31 August, 2020
I second the motion. The Competition and Consumer Amendment (Exploitation of Indigenous Culture) Bill 2020 strives to prevent the exploitation of Indigenous culture and ensure fair compensation to Indigenous artists. Currently royalties are not always returned to the original artist, and the exploitation of Indigenous art and Indigenous style art is rife. In 2016 the Indigenous Art Centre Alliance estimated that up to 80 per cent of the products sold on the souvenir market were made overseas, with little or no benefit to Indigenous artists or communities. So I want to ensure that Indigenous artists and groups are appropriately compensated for their art, especially if it's mass-produced elsewhere.

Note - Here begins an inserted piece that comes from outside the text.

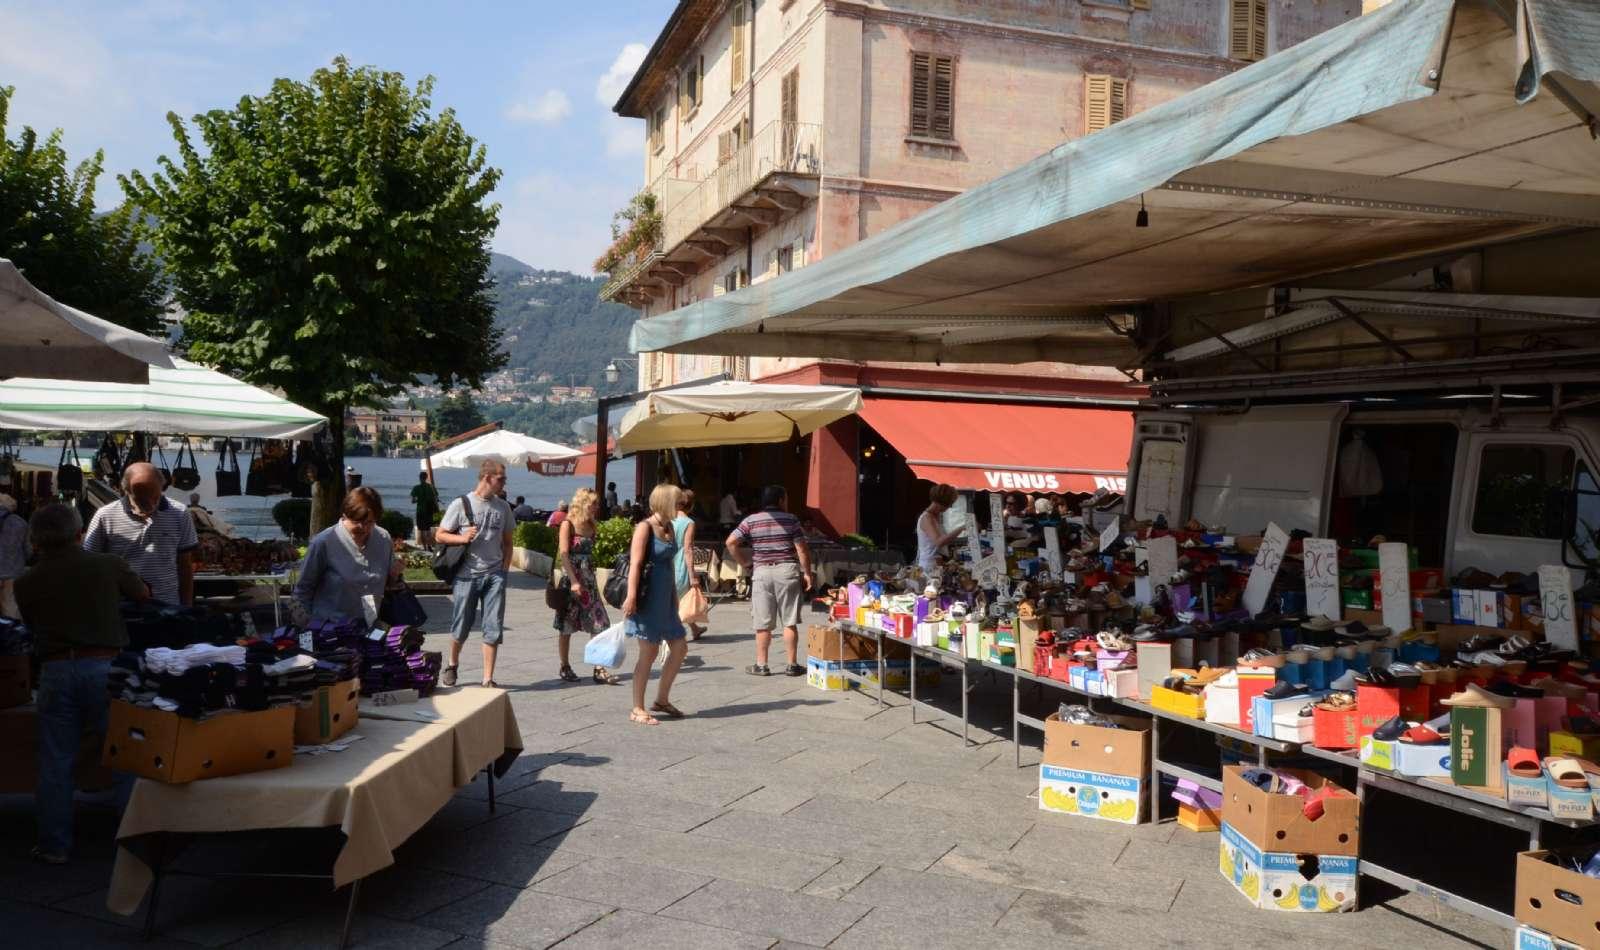 Stadens marknad som arrangeras varje vecka

Some may argue that the successful prosecution of Birubi Art in the Federal Court last year demonstrates that Indigenous artists are sufficiently protected under the current legislation. However, it has been found that the same company has since reformed, under a different banner, and continues to distribute Indigenous style products with a 'Made in Indonesia' tag. So, despite litigation, no royalties go to Indigenous artists for these products
Indigenous artists continue to face myriad issues beyond those covered by the bill. Indigenous artists are often inadequately compensated for original artworks. This is about protecting artists and culture. Aboriginal and Torres Strait Islander art and designs can be licensed and turned into merchandise because of the images and stories they present—an expression of the distinctive culture of Aboriginal and Torres Strait Islander people. There is huge pride in Australia in Indigenous culture and art, from all Australians, and it is the government's duty to ensure we do everything possible to protect Indigenous art.